DATA BELOW:
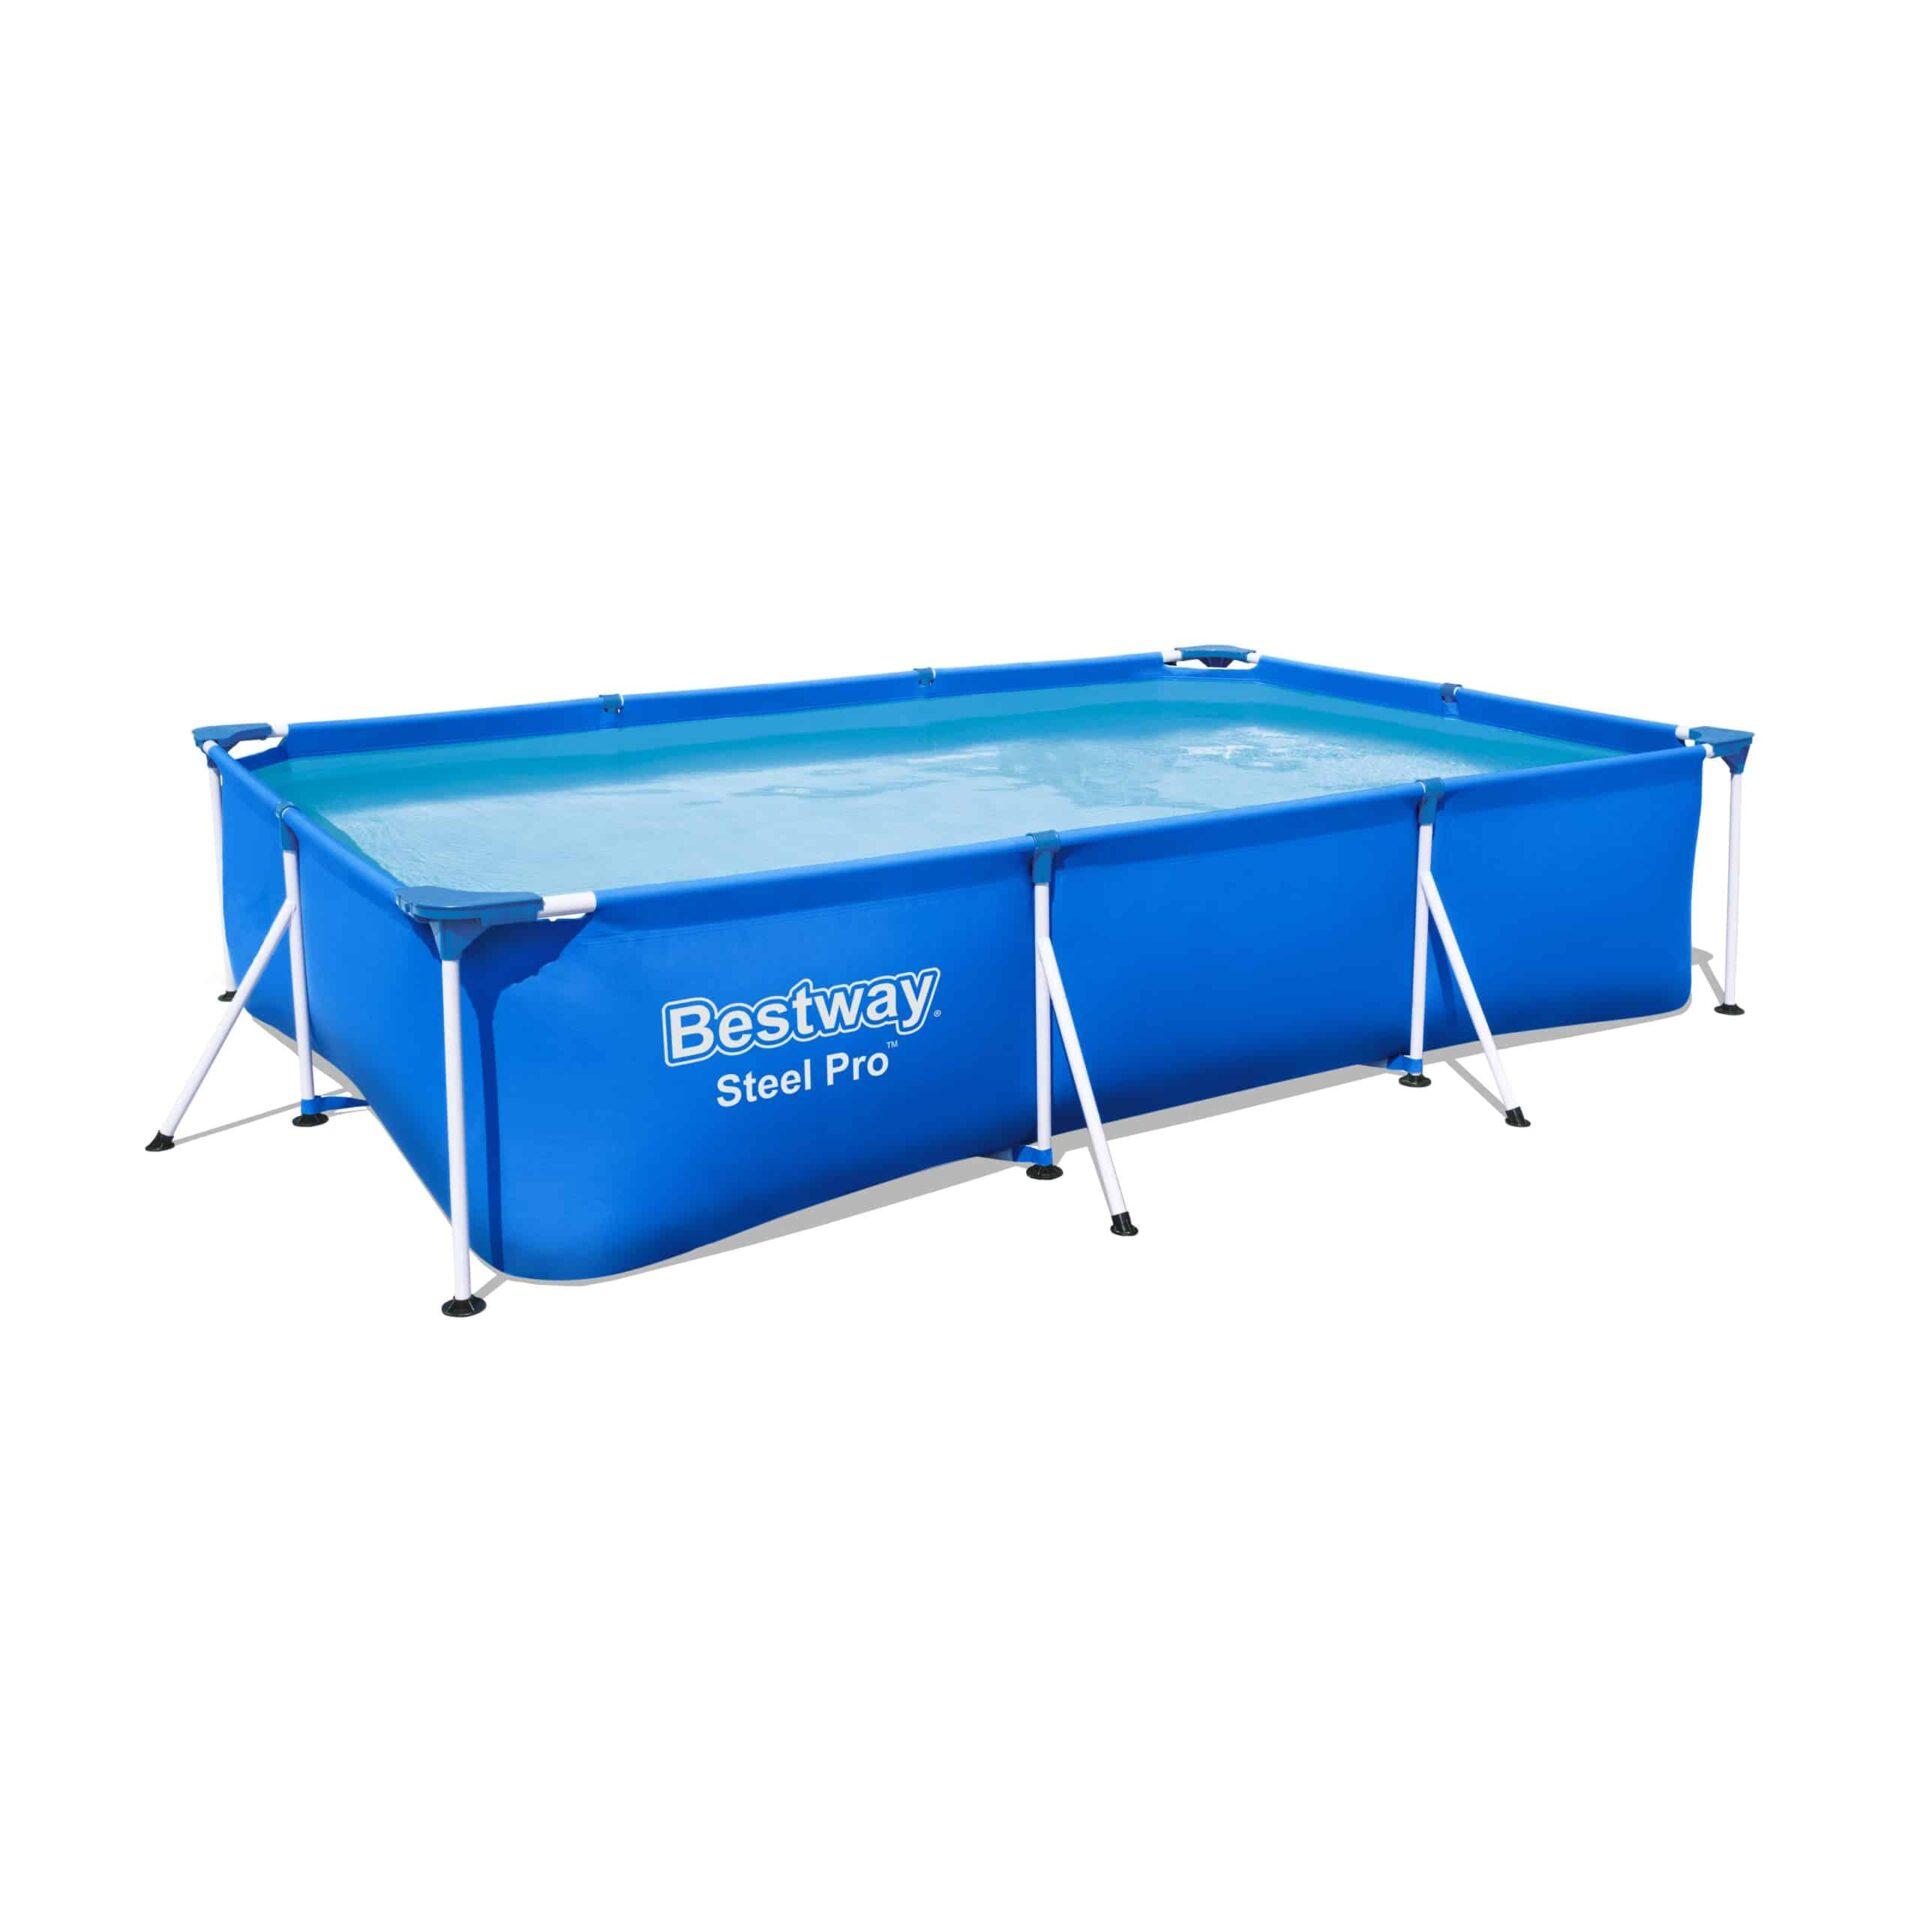 Rektangulaert-Power-Steel-basseng-Bestway
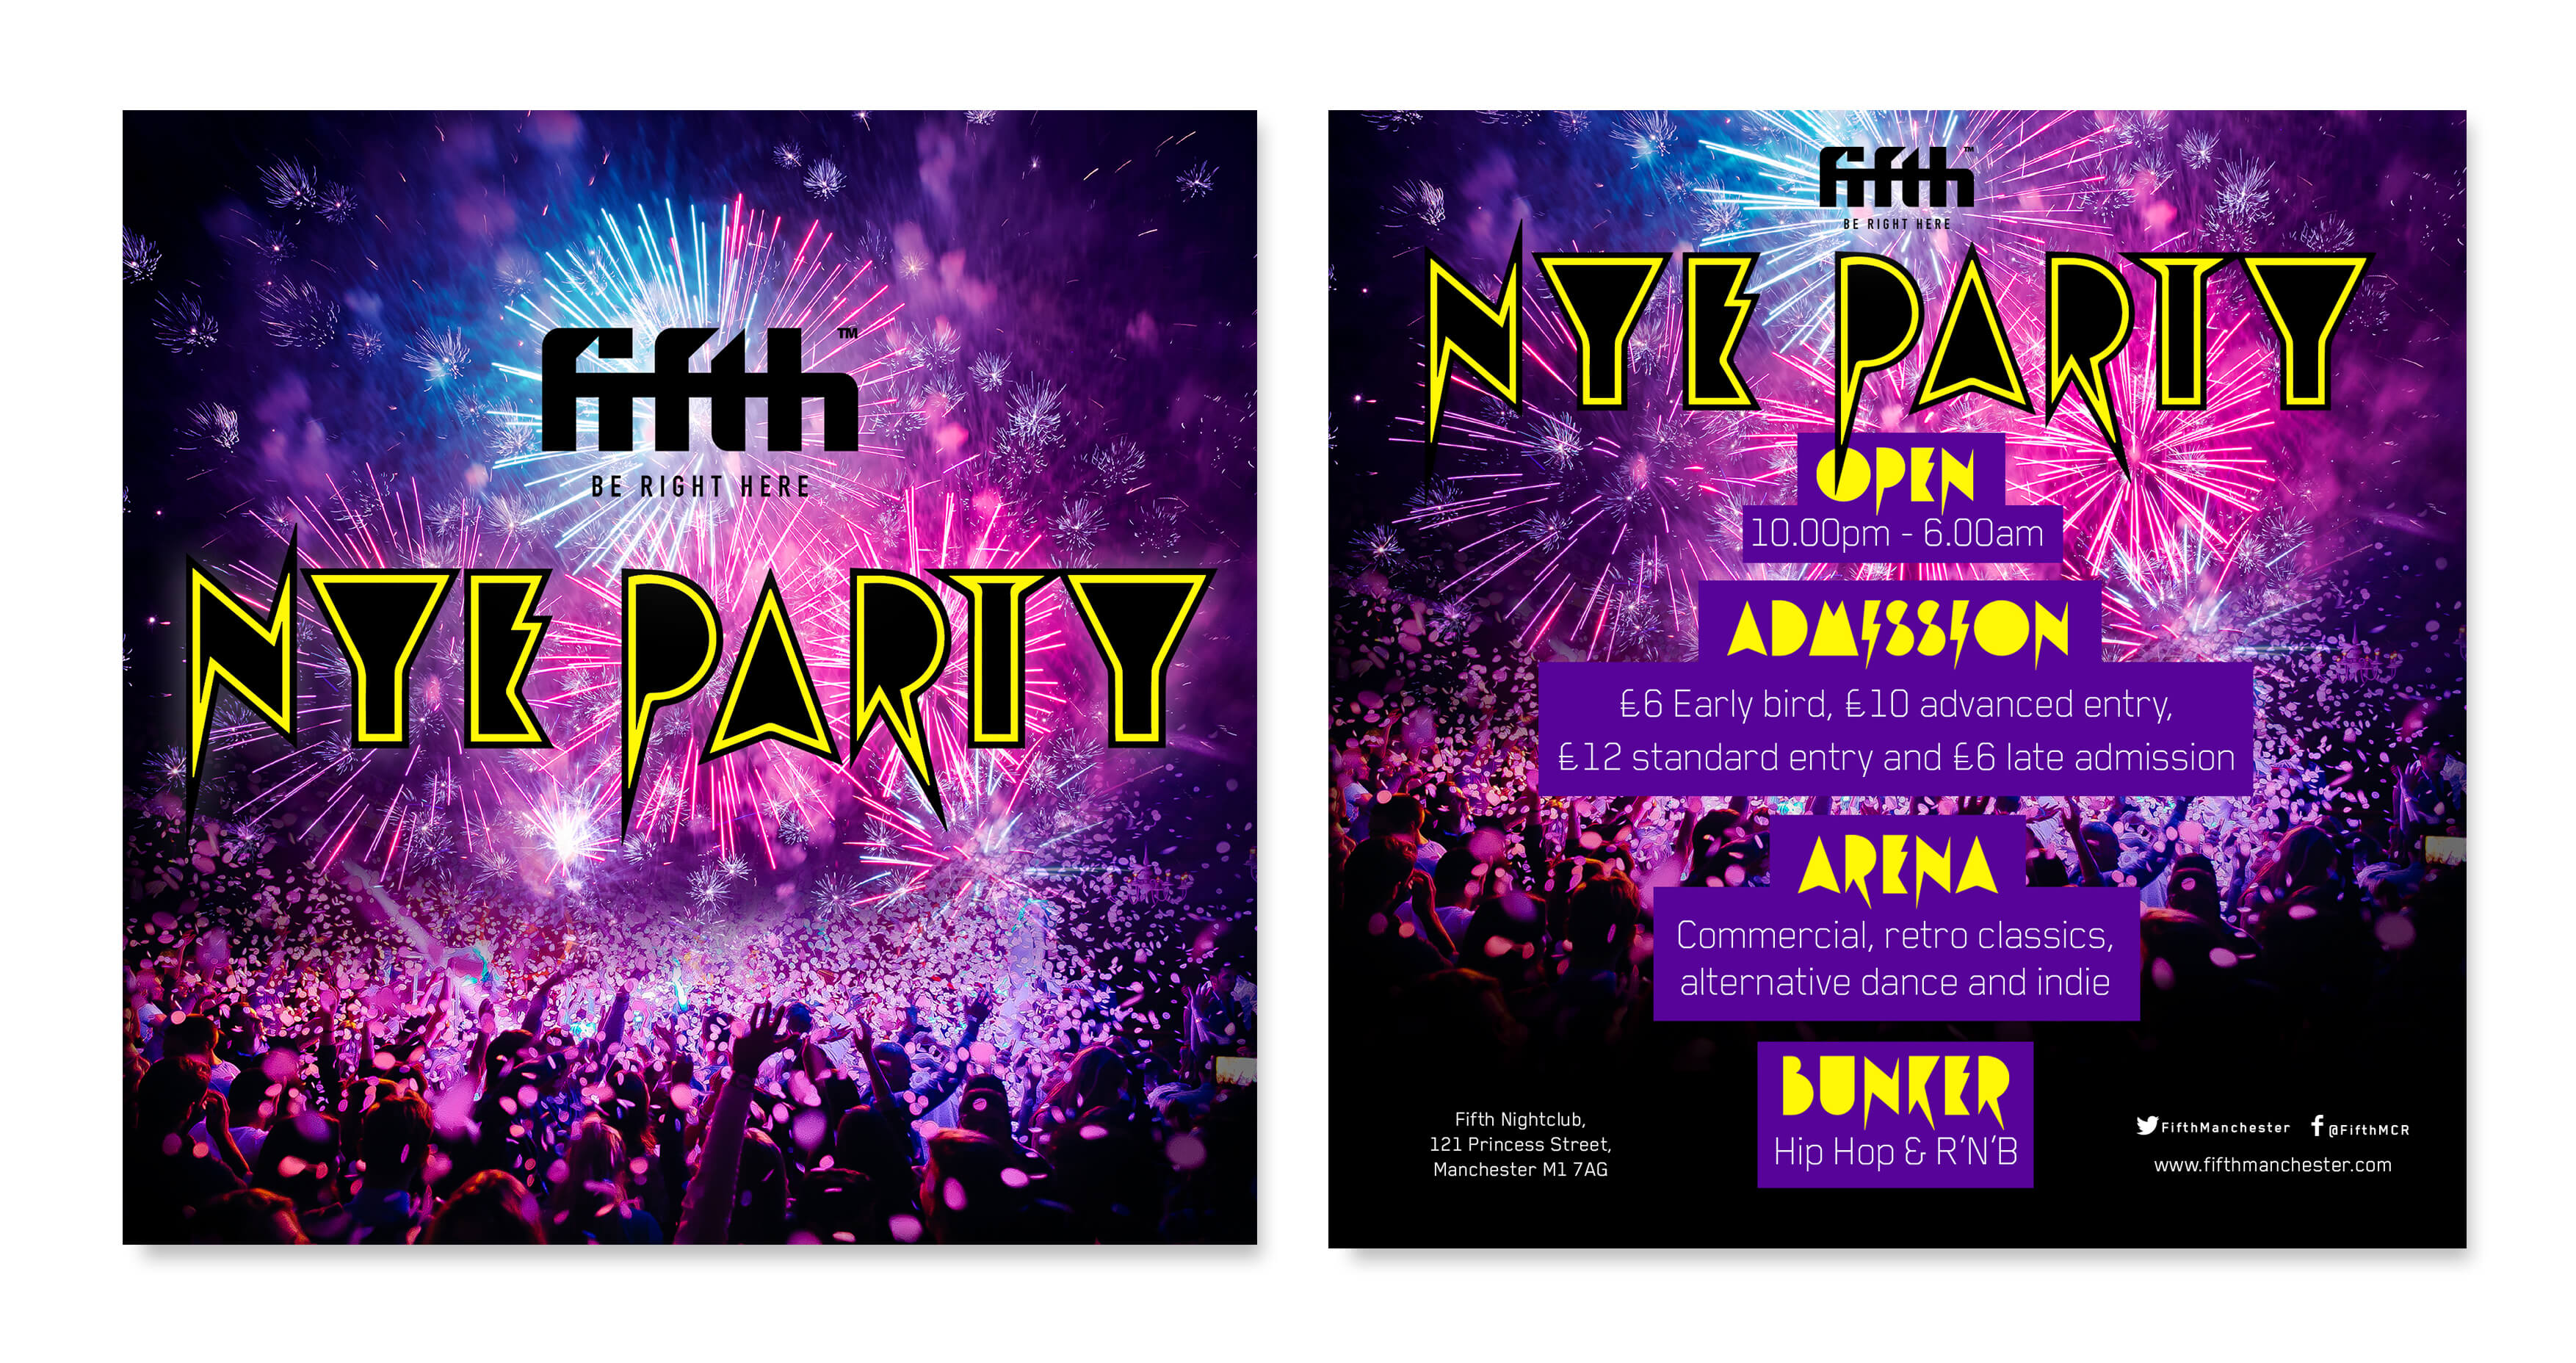 NYE party 2017
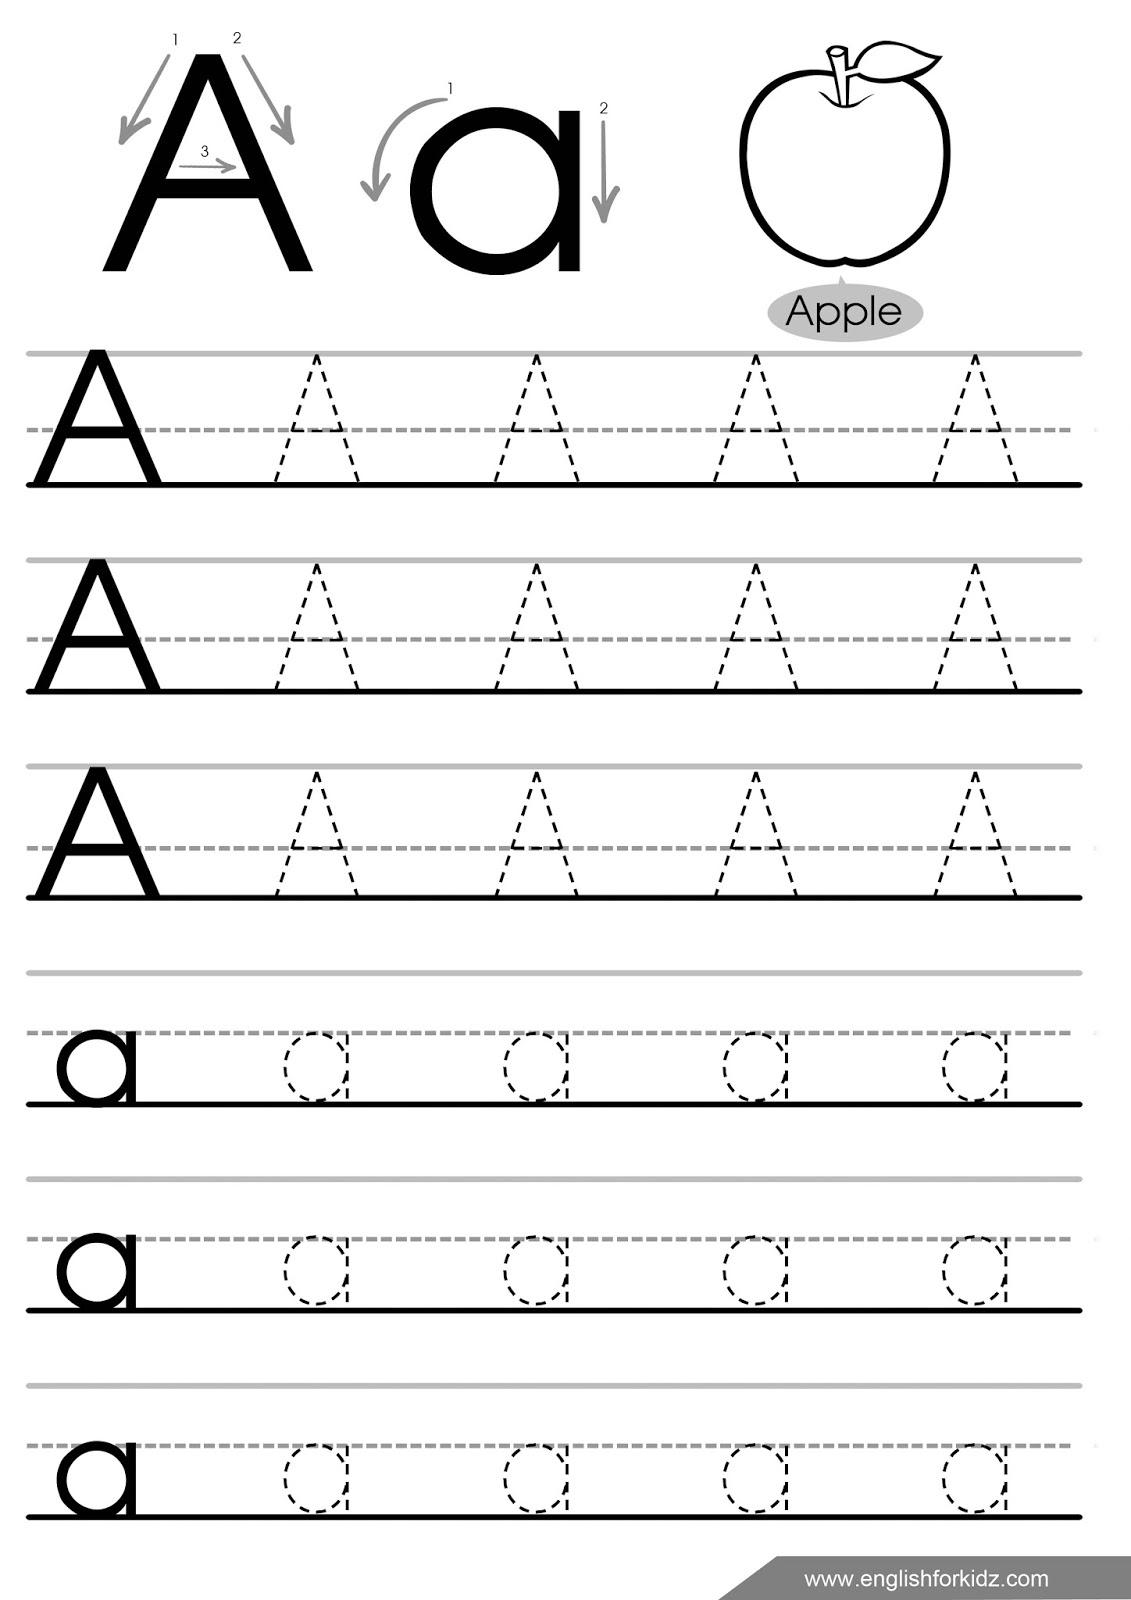 Letter Tracing Worksheets Letters Children Worksheet Math within Letter Tracing Homework

WORK TO COMPLETE: Beginning at the line that contains "NYE party 2017" and ending at the last line of the data, return each line exactly; no picture belongs in the copy.

EXPECTED OUTPUT:
 NYE party 2017
 Letter Tracing Worksheets Letters Children Worksheet Math within Letter Tracing Homework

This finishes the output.